There was something about MTV’s Siesta Key that intrigued me from the very first season.
Perhaps it was because I felt personally invalidated by the show. Here were young, wealthy, beautiful 20-somethings allegedly living a life in Sarasota that felt very much out of reach for the rest of us. I was 22 and working as a reporter when the show's first season aired, jetting from community events to protests and running back to the office to write it all down. But when I turned on my TV, I was flummoxed to see the cast of Siesta Key spending most of their time at the bar of Casey Key Fish House.
Now, four years later, the show wrapped its fourth season in early August and the cast has aged. One member recently announced her pregnancy. Two have competing bathing suit lines—a major plot point on the show this season. And some have even left or been asked to leave the entire enterprise.
Yet when I watch each new episode, I feel like the cast is frozen in amber. I think of what I’ve done in the last four years—moved jobs, moved cities, started my own business. And I think how different the cast's lives are from the general trajectories expected of people in their early- to mid-20s. These are the years we find ourselves, find our passions, find our relationships. For the cast of Siesta Key, the North Star they’ve returned to is this reality show. I wonder whether this experience has changed their lives or paralyzed them. But the answer, of course, can be both.
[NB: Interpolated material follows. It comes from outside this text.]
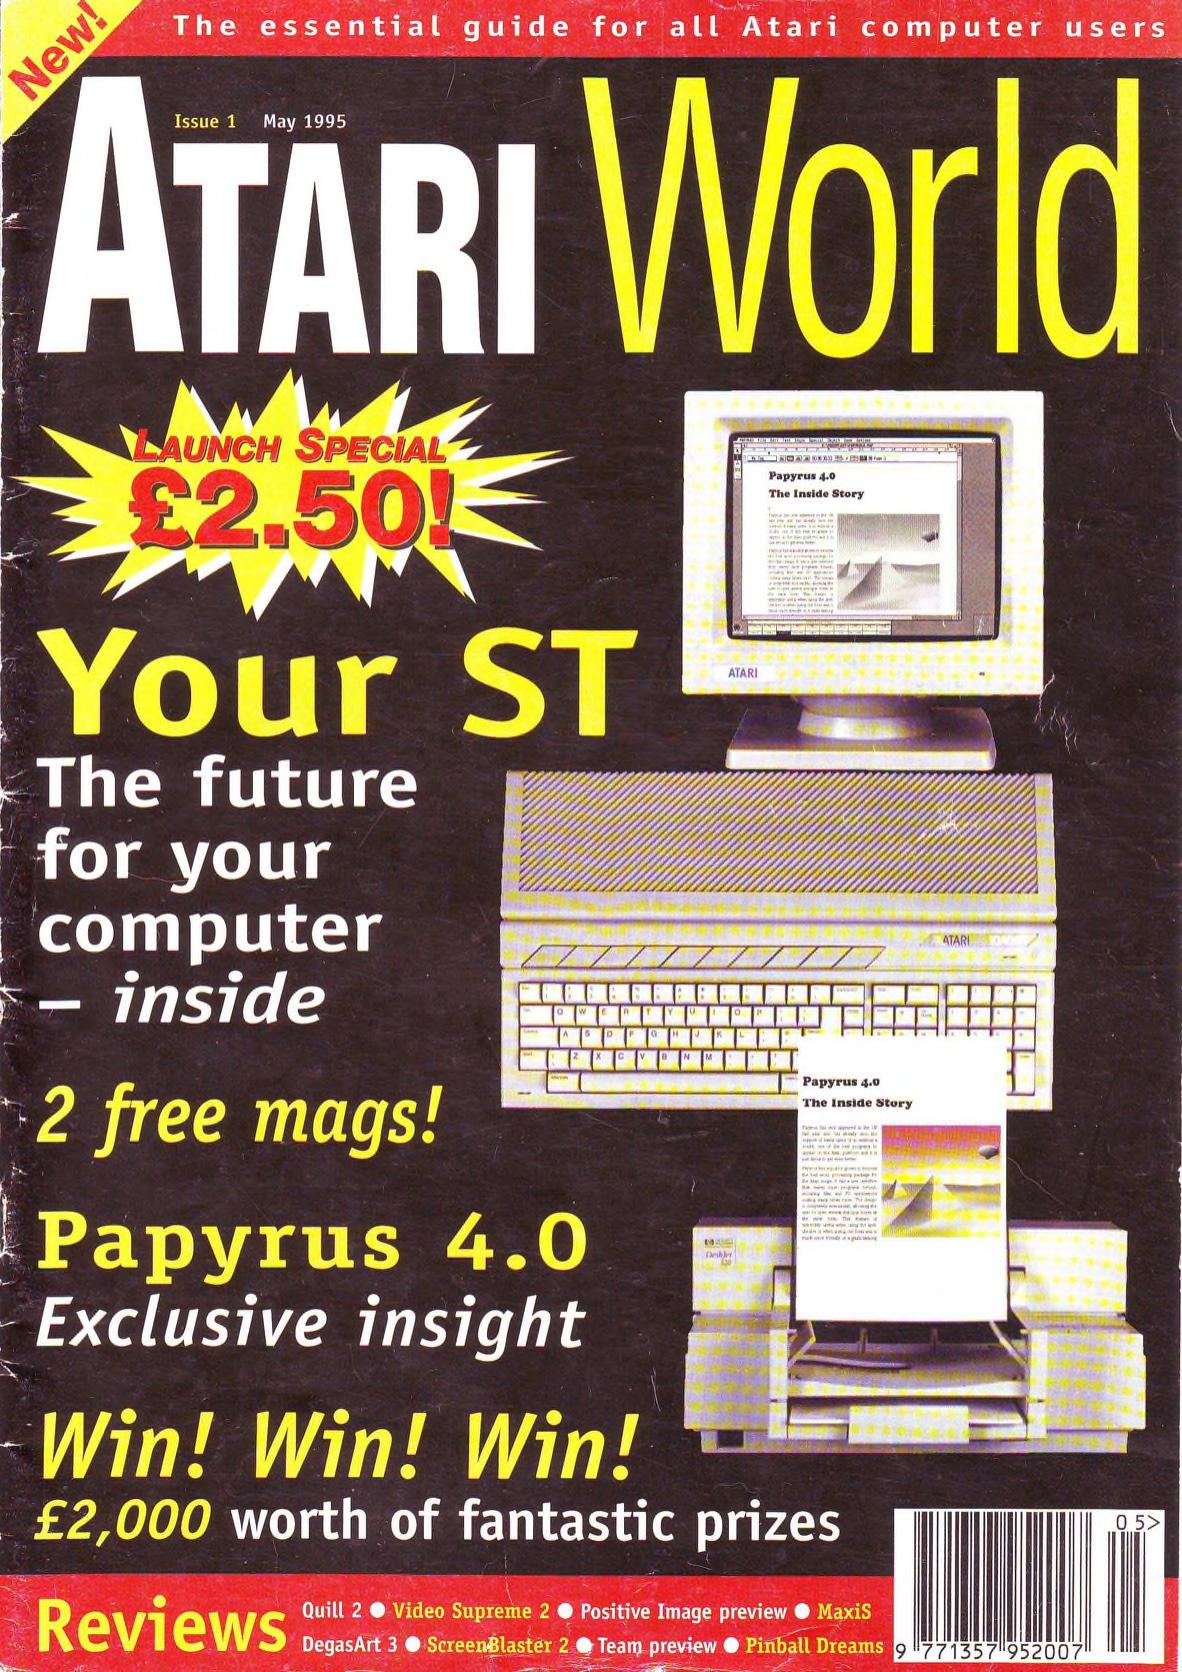 Cover for Atari World 1 (May 1995)

While the cast may return to their old relationship dynamics each season, one thing has changed while Siesta Key remains the same: Sarasota. The city and region are not the place they were when the show first started, and that’s reflected in many of the backdrops used in filming. Siesta Beach and the Ringling Bridge Causeway Park are two stalwart favorites for their sweeping views of the water and lush tropical atmosphere. But other popular spots have creeped into recent seasons, including the Rosemary District’s trendy Overton.
A representative for the show did not respond to a request for comment regarding how many locations Siesta Key has used and its favorites.
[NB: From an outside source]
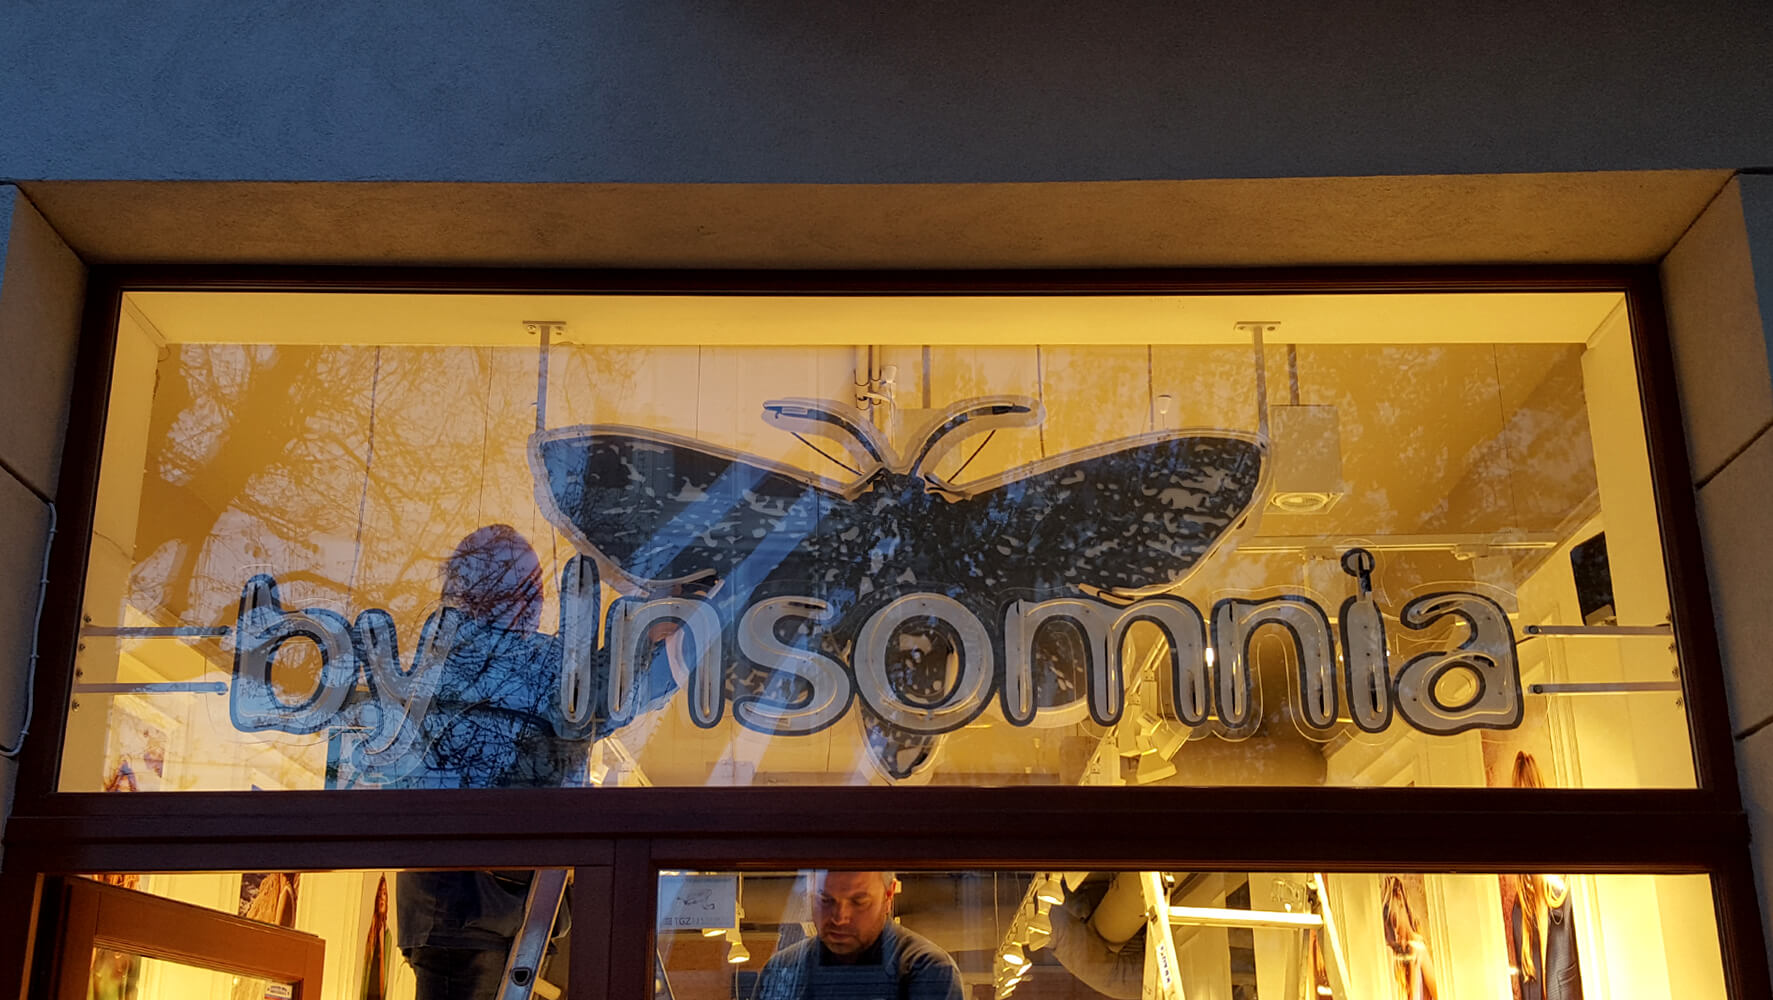 Insomnio - By Insomnia - cartel de neón con el nombre de la empresa, montado sobre plexiglás, colocado detrás del cristal

At Visit Sarasota County, officials at the local tourism agency have not noticed many general questions from Sarasota travelers about the show and the cast’s haunts.
“I’m sure many visitors are aware of the show and its location, but typically not interested in covering that or what some of the cast may be doing while here,” said Nate Sweetman, the communications and public relations coordinator for Visit Sarasota County.
Still, for the people who do watch, debating the cast’s relationship squabbles and poring over their social media accounts is a matter of serious business. A Facebook group about the show boasts more than 30,000 members who wonder almost daily whether two cast members are still together or why one chose to malign another in such a way.
Thirty-two-year-old Rebecca Blanton is one of those avid fans. She grew up in Connecticut but visited her grandparents in Sarasota growing up. She started watching Siesta Key because she was intrigued by its location and enjoyed reality TV. How would they portray Sarasota, she wondered?
“The show makes it seem very ritzy and glamorous with beautiful beaches,” she said. “It is like that for the most part, but I feel like the show doesn’t fully reflect all of Sarasota. It’s more of a real place with more diversity than the show might reflect.”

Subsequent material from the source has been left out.